La verdad es que Apocalypto posee muy pocos diálogos. Y, los que hay, se convierten en un complemento más a las ya de por sí explícitas imágenes, pues la película es, ante todo, un trabajo visual cuidado hasta el último detalle. Del intimismo con el que afronta el tratamiento de la tribu de Jaguar Paw a la espectacularidad de la gran urbe maya (digna de los mejores tiempos de DeMille), hay un solo paso. Y el protagonista de Mad Max, desde su cámara y con la ayuda de la magnífica fotografía de Deam Semler, resuelve ambos aspectos de manera magistral. Y ello sin contar con la especial partitura musical de James Horner, la cual se acopla a la perfección con la maravillosa imaginería visual que vierte durante todo su metraje.

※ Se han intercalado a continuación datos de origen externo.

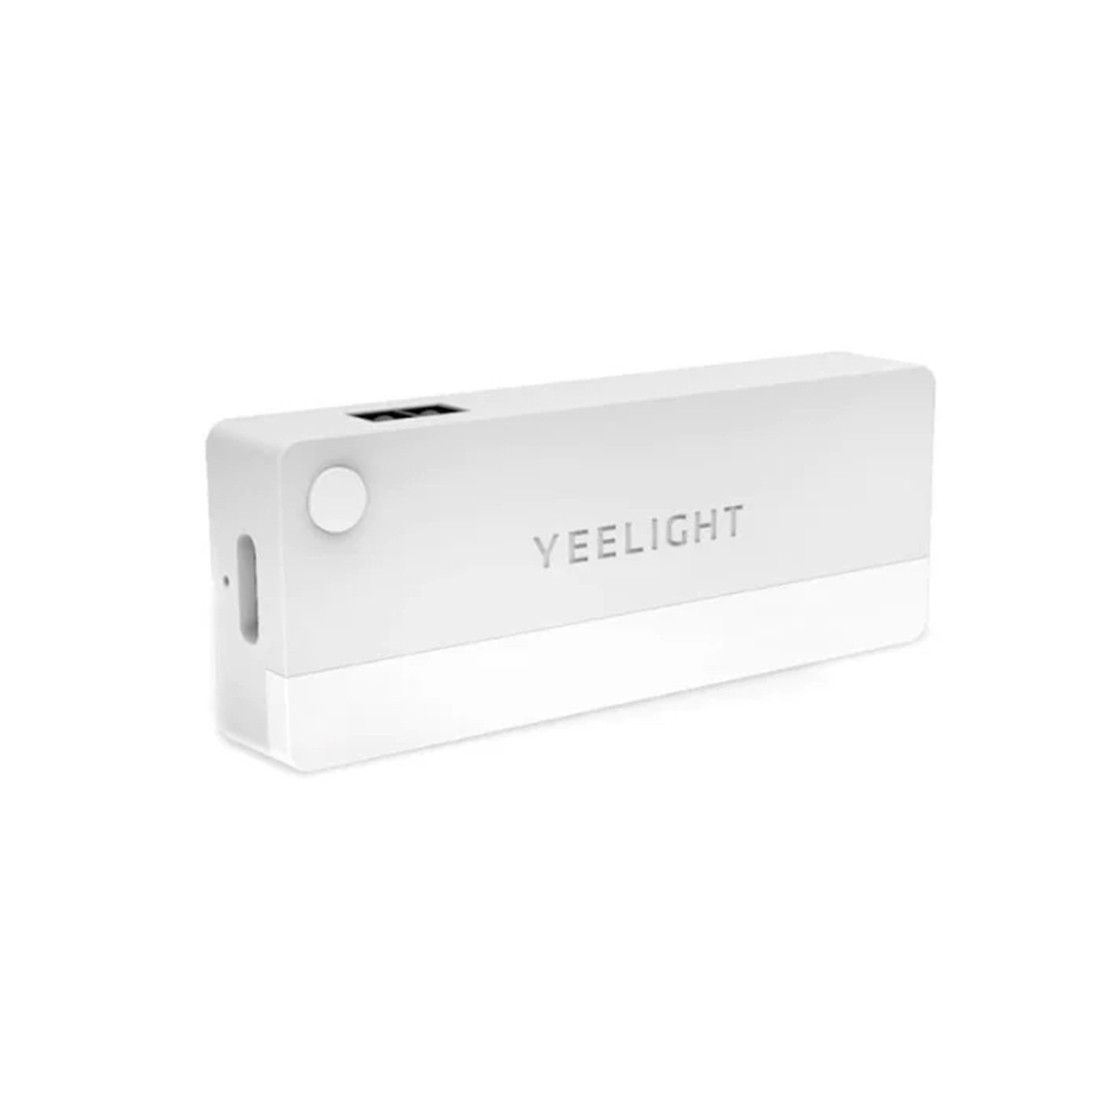 Светильник c датчиком движения Yeelight Sensor Drawer Light Белый, фото 1

Una cinta trepidante, sin lugar al descanso y con una escena final tan delirante como sorprendente y antológica, aunque con una especie de interludio pausado, pero impactante, hacia la mitad de su proyección: el momento de la metódica descripción de una civilización en decadencia, en donde las enfermedades y el culto religioso forman parte de la cotodianidad de una sociedad en pleno derrumbe.
Tras Apocalypto se esconde también ese canto a la unidad familiar tan habitual en el cine norteamericano de los últimos tiempos. Pero, en esta ocasión, esa alabanza está insertada de manera hermosa y casi poética, sin el maniqueísmo con que otros realizadores la han tratado. Y es que en el caso de Gibson, la solución del amparo familiar, está usado como elemento único y solidario y, al mismo tiempo, como sustituto ideal a una sociedad envenenada, hostil y traidora.